Loss of anti-spike antibodies following mRNA vaccination for COVID-19 among patients with multiple myeloma.

BACKGROUND: Multiple myeloma (MM) patients have variable responses to mRNA vaccination to COVID-19. Little is known regarding their vaccine-induced antibody levels over time. METHODS: We monitored spike IgG antibody levels over 24 weeks among a subset of 18 MM patients who showed a full response after two mRNA vaccinations. RESULTS: MM patients had a more rapid decline in antibody levels as compared to eight healthy controls, with power law half-lives of 72 days (vs. 107 days) and exponential half-lives of 37 days (vs. 51 days).

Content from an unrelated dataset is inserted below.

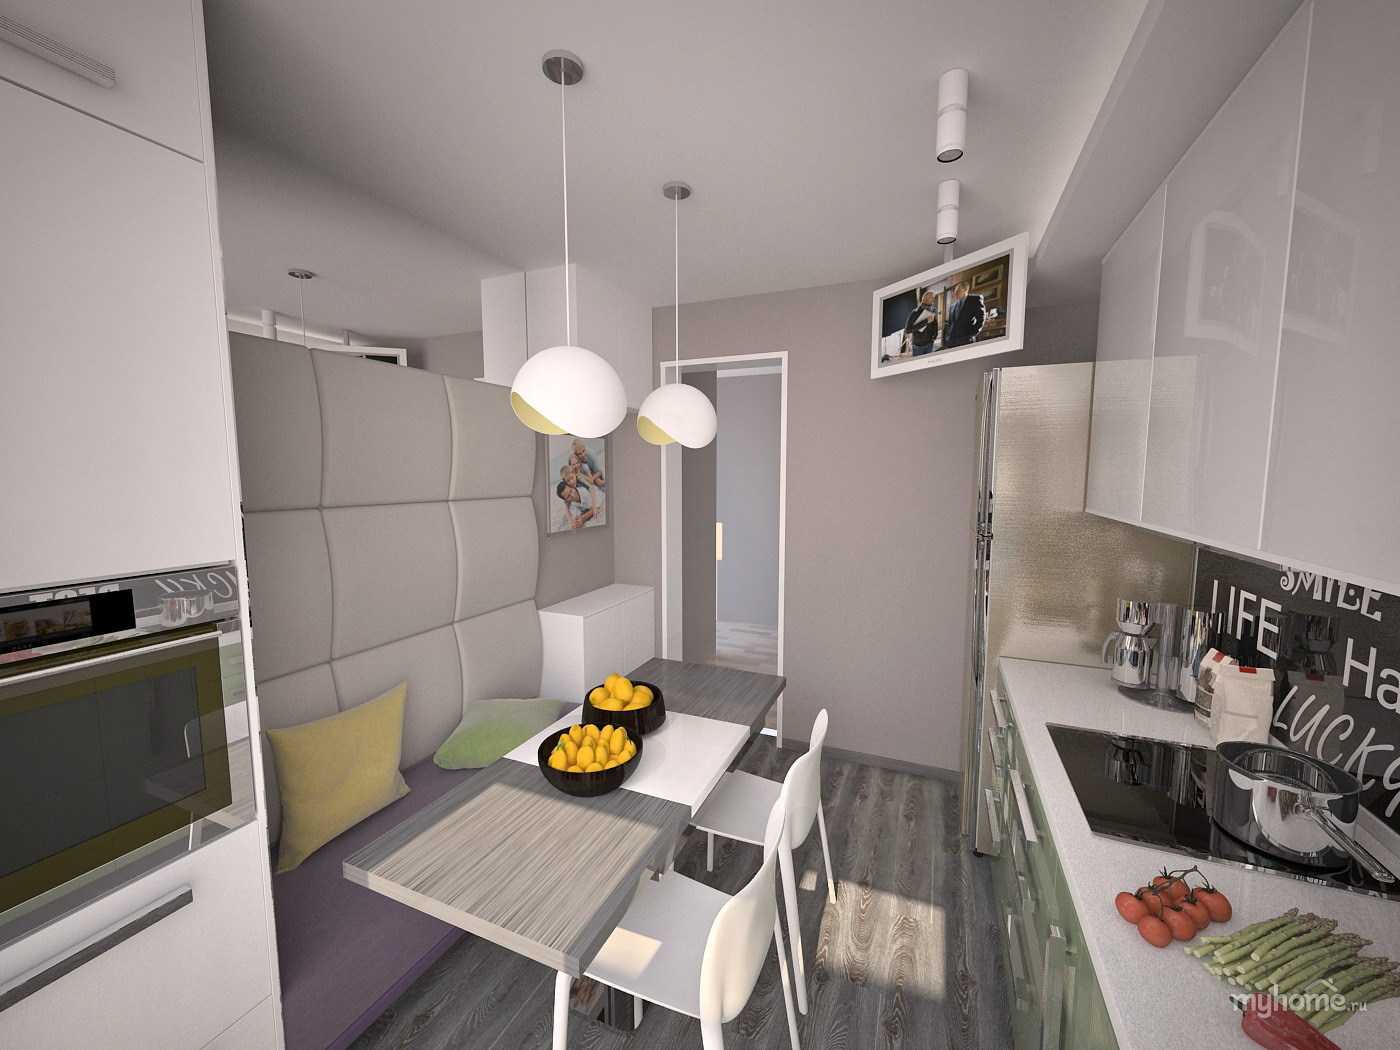 Кухня в панельном доме: планировка и дизайн маленькой кухни в девятиэтажном панельном доме (фото)
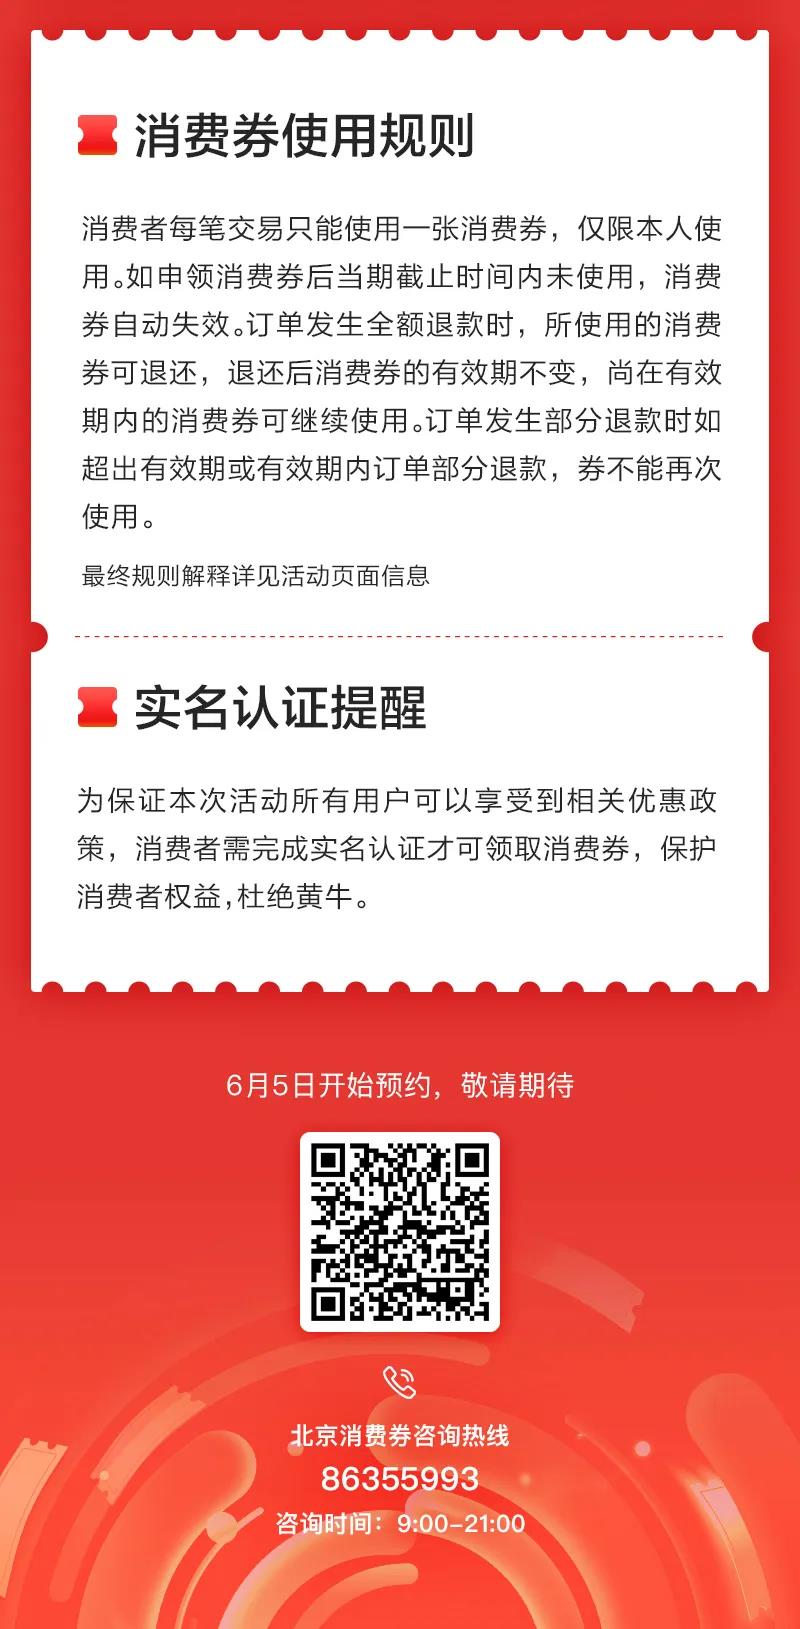 促消费助经济 北京消费季6月6日启动 122亿元消费券将发放(图5)

The patients with longer SARS-CoV-2 antibody half-lives were more likely to have undetectable monoclonal protein than those with shorter half-lives, suggesting better disease control may correlate with longer duration of vaccine-induced antibodies. Regardless, by 16 weeks post-second dose of mRNA vaccination, the majority of patients had antibody levels below 250 binding arbitrary units per milliliter, which would be unlikely to contribute to preventing COVID-19. CONCLUSIONS: Thus, even MM patients who respond adequately to vaccination are likely to require more frequent booster doses than the general population.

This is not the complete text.